# Creating a link, can someone please help?



## The Silver Surfer (May 14, 2002)

Can someone please tell me how I go about creating a link to another website/page without having to copy and paste the whole page address from the address bar on the browser. (I hope that makes sense!!!  )

I'm afraid it's going to have to be an 'idiot proof' guide, as I'm not the most computer literate person in the world.

Any help and advice would be greatly appreciated.

Thanks


----------



## scoTTy (May 6, 2002)

Do you mean like THIS?

If so then simply put in

[ url=<insert the url>]Link text goes here[ /url]

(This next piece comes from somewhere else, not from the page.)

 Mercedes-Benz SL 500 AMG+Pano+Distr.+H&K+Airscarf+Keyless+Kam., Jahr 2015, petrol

without the space of course. :wink:

p.s. If when you click reply you hover the mouse over the URL button then it shows you the formats. [/url]


----------



## The Silver Surfer (May 14, 2002)

Scotty, thanks for the reply. That's exactly what I mean.

I have seen you use it in your posts quite a lot and was going to post 'like Scotty's posts' in my original post. 

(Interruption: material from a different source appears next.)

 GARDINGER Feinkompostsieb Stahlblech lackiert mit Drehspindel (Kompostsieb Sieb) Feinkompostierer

Please pardon my ignorance, will this work on anything else other than this Forum? I have just tried it with my Yahoo Mail and it didn't work??

"p.s. If when you click reply you hover the mouse over the URL button then it shows you the formats. [/url]" I don't quite understand what you mean here, can you please explain? (I wasn't kidding when I said I wasn't very good with computers!!!)

Thanks


----------



## scoTTy (May 6, 2002)

I hope this doesn't patronise as I'll try and explain as simply as possible.

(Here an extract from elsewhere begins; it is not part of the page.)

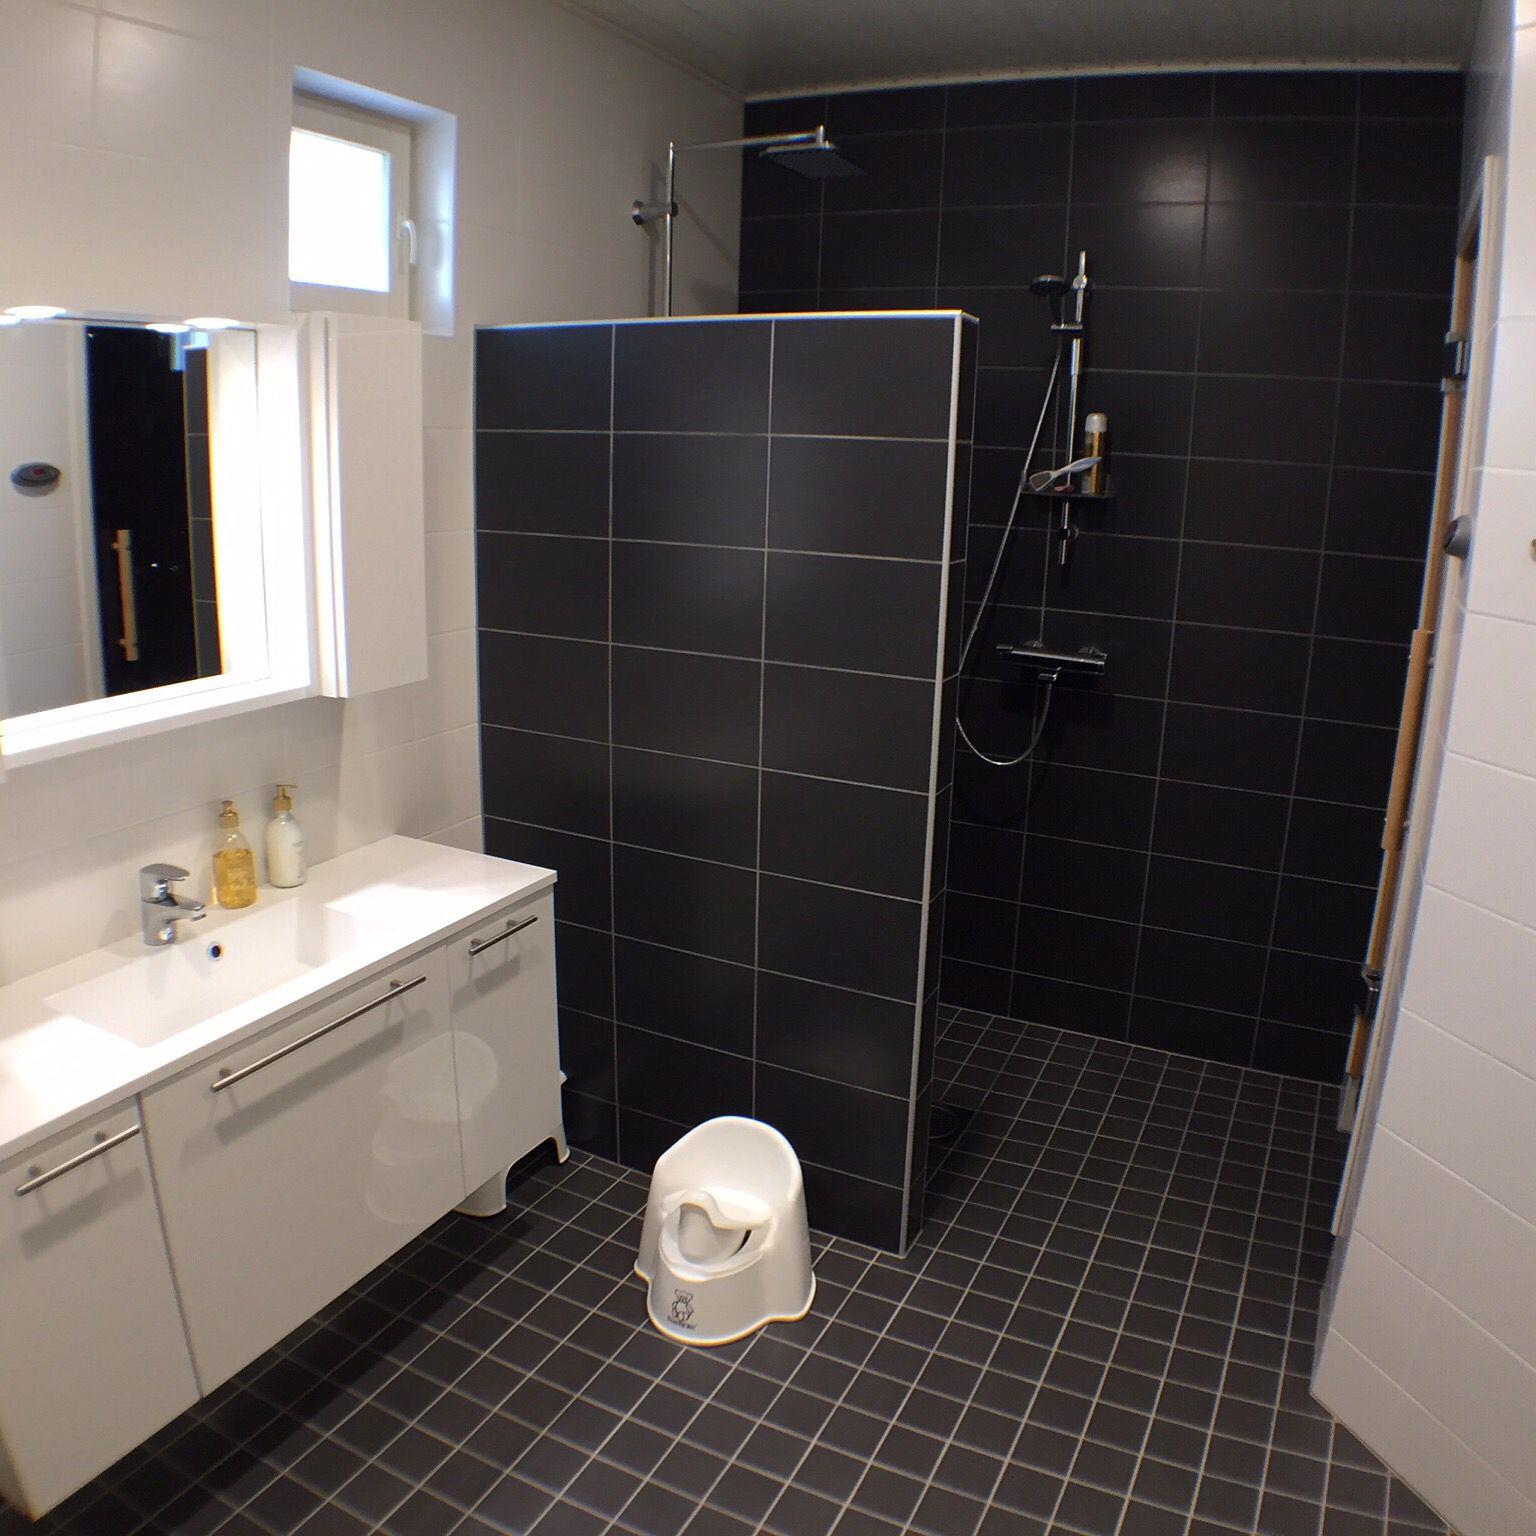 Puustelli bathroom and sauna / badrum och bastu / kylpyhuone ja ...

If you click on the 'reply' button (as you had to do to both your reply to me then you'll get a blank text input box in which you type your reply. Above this are various 'buttons' that all you to put stuff in Bold, italics, underline, quote, etc.

If you move the mouse cursor over one of these it brings up some text just above the text input box that displays the text that use can use.

These codes can be used on many forums but I don't believe they work outside that.


----------



## The Silver Surfer (May 14, 2002)

Thanks very much for your help Scotty!!! 

I've sussed it now, and have posted somthing in the Jokes section :lol: 

Regards


----------



## clived (May 6, 2002)

All you need now is a lesson in web based e-mail and session security ;-)


----------



## scoTTy (May 6, 2002)

As Clived is subtly pointing out your forum skills are fine (now :wink: ) but the site you're linking to needs a user name and password before anyone can see it! :roll:


----------



## The Silver Surfer (May 14, 2002)

scoTTy said:


> As Clived is subtly pointing out your forum skills are fine (now :wink: ) but the site you're linking to needs a user name and password before anyone can see it! :roll:


Hmmm!!!! That's weird, it worked fine for me?? :?

Of course, I wouldn't have posted the link if had known a username/password was required to view it.  (I have just deleted the post to save an further embarrassment.  )

Well, at least I've learned how to post links. 

Regards


----------



## clived (May 6, 2002)

Was the site somewhere where YOU have a username and password, stored as a cookie on your machine?


----------



## The Silver Surfer (May 14, 2002)

clived, you have PM.


----------